Grandmothers locked out of MP’s office


PROTESTING members of the South Peninsula Grandmothers against the Detention of Refugee Children locked out of the Hastings office of Flinders MP Greg Hunt.

THE office of Flinders MP Greg Hunt was in lockdown last Tuesday morning as a group of grandmothers protested about the federal government’s treatment of refugees.

The protest by the South Peninsula Grandmothers against the Detention of Refugee Children came one week after police forcibly evicted members of a church group from the office who were calling for better treatment of asylum seekers being detained on Manus Island and Nauru (“Police praised by ‘evicted’ church group” The News 29.8.17).

“Other members of the public who came were not able to enter to talk with office staff. A woman visiting before our group had formed, could not get in with her request. The door was locked against us all,” Ann Renkin, one of the protesting grandmothers, said.

“Towards the end of our [90-minute] peaceful demonstration I rang Minister Hunt’s office from outside the office door. The answer to my request for them to open the door so that I could deliver a letter was refused on the grounds that they had been advised by the federal police to lock themselves inside, and us out.”

Ms Renkin said her group had earlier briefed Mr Hunt’s staff about the demonstration and said they would be delivering a letter for him.

“We were a small group of law-abiding electors coming to him, our federal representative, to tell him again that we are very critical of his government’s refugee policies and abusive practices,” she said.

“Does our local MP’s distrust extend to all grass roots organisations in his electorate?

“Do we assume Mr Hunt is only available to electors who agree with him?”

The latest protest outside Mr Hunt’s office also came in the wake of reports of a boat carrying six Chinese men breaching Australia’s border security by landing on Saibai Island.

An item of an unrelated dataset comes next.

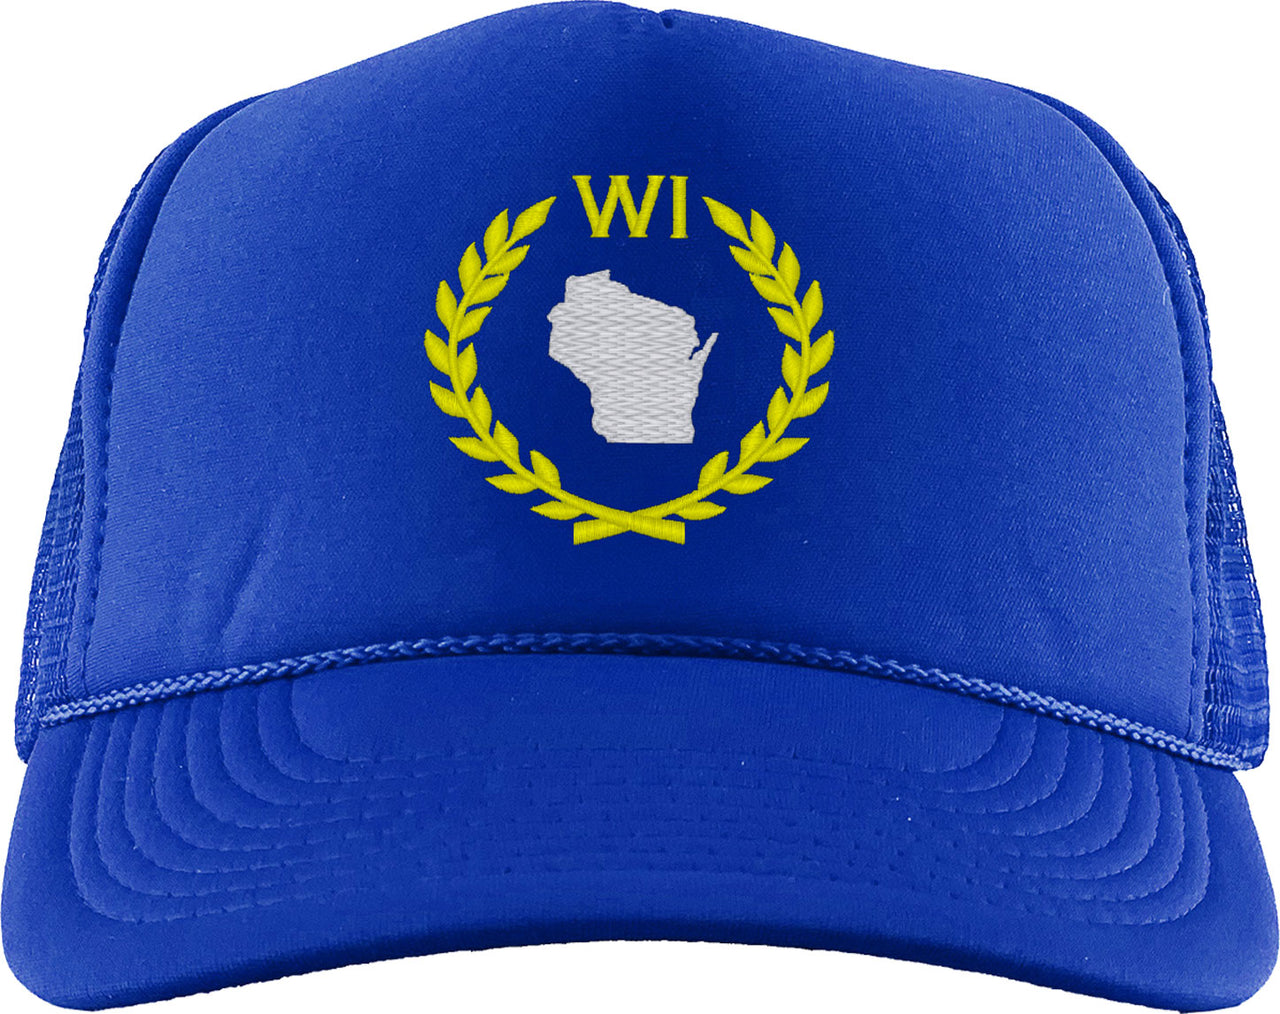 Wisconsin State Foam Trucker Hat

An Australian island in the Torres Strait, Saibai is less than five kilometres from Papua New Guinea. The landing would appear to end the federal government’s ability to boast about its long record of preventing boat landings on Australian soil.

People from PNG are allowed to visit Saibai without visas or passport. Five Chinese nationals were reported as being returned to their country after being detained on Saibai.

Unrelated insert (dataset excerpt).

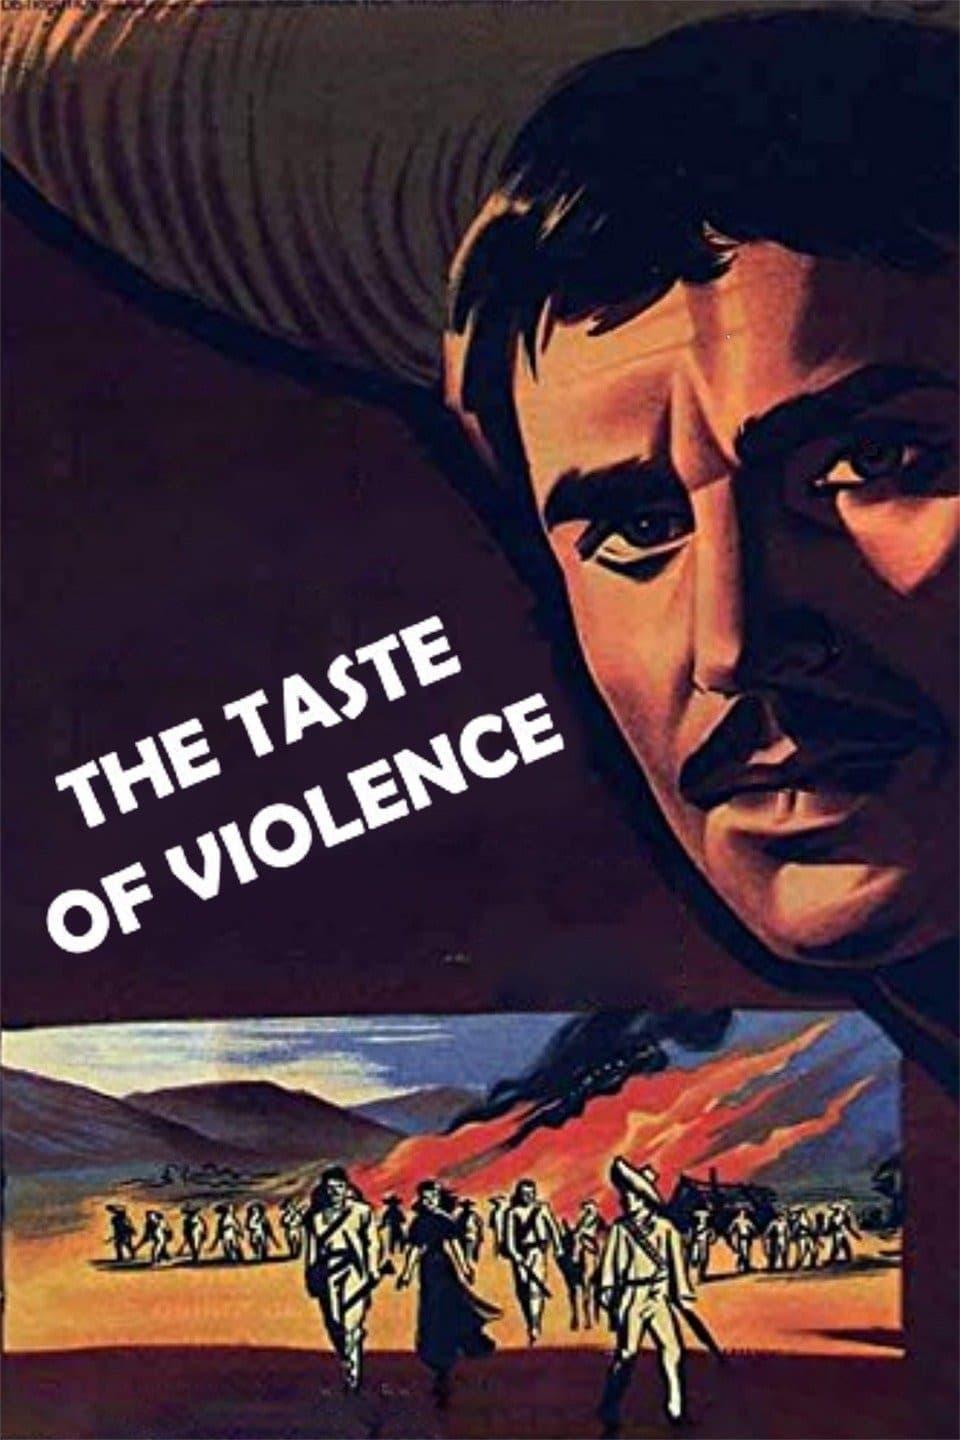 The Taste of Violence poster

A PNG man and a Chinese man were later taken to Cairns where they were charged with aggravated people smuggling under the Migration Act.

Mr Hunt was last week asked by The News for details – timelines and numbers – of the government’s refugee “resettlement agreement with the United States” he had mentioned in a statement issued the previous week.

Mr Hunt’s Hastings-based media advisor Samantha Robin replied that the federal government had an “arrangement with the United States for the resettlement of refugees from Nauru and Papua New Guinea who are endorsed by the United Nations High Commissioner for Refugees (UNHCR) for referral to the existing United States Refugee Admissions Program. President Trump has confirmed this agreement”.

“US authorities will conduct their own assessment of refugees referred by the UNHCR to determine which refugees and how many are resettled in the US,” Ms Robin said.

“Resettlement in the US is just one of the options available to support the resettlement of refugees. Refugees will continue to be resettled temporarily in Nauru, and permanently in Papua New Guinea and Cambodia.

“The priority is the resettlement of the most vulnerable refugees, with an initial focus on women, children and families.”

Recordings of a 28 January phone conversation between US President Donald Trump and Prime Minister Malcolm Turnbull released last month by The Washington Post shows that the resettlement “agreement” is non-specific on numbers but necessary for the government to maintain its hard-line stance against refugees arriving by boat.

“You can decide to take 1000 or 100. It is entirely up to you,” Mr Turnbull is recorded as saying to Mr Trump. “The obligation is to only go through the process.”

Mr Turnbull then assures Mr Trump that the “vast bulk” of people detained on Nauru and Manus Island are “economic refugees” and Australian authorities know “exactly everything about them”.

“Let me explain. We know exactly who they are. They have been on Nauru or Manus for over three years and the only reason we cannot let them into Australia is because of our commitment to not allow people to come by boat. Otherwise we would have let them in. If they had arrived by airplane and with a tourist visa then they would be here,” Mr Turnbull says.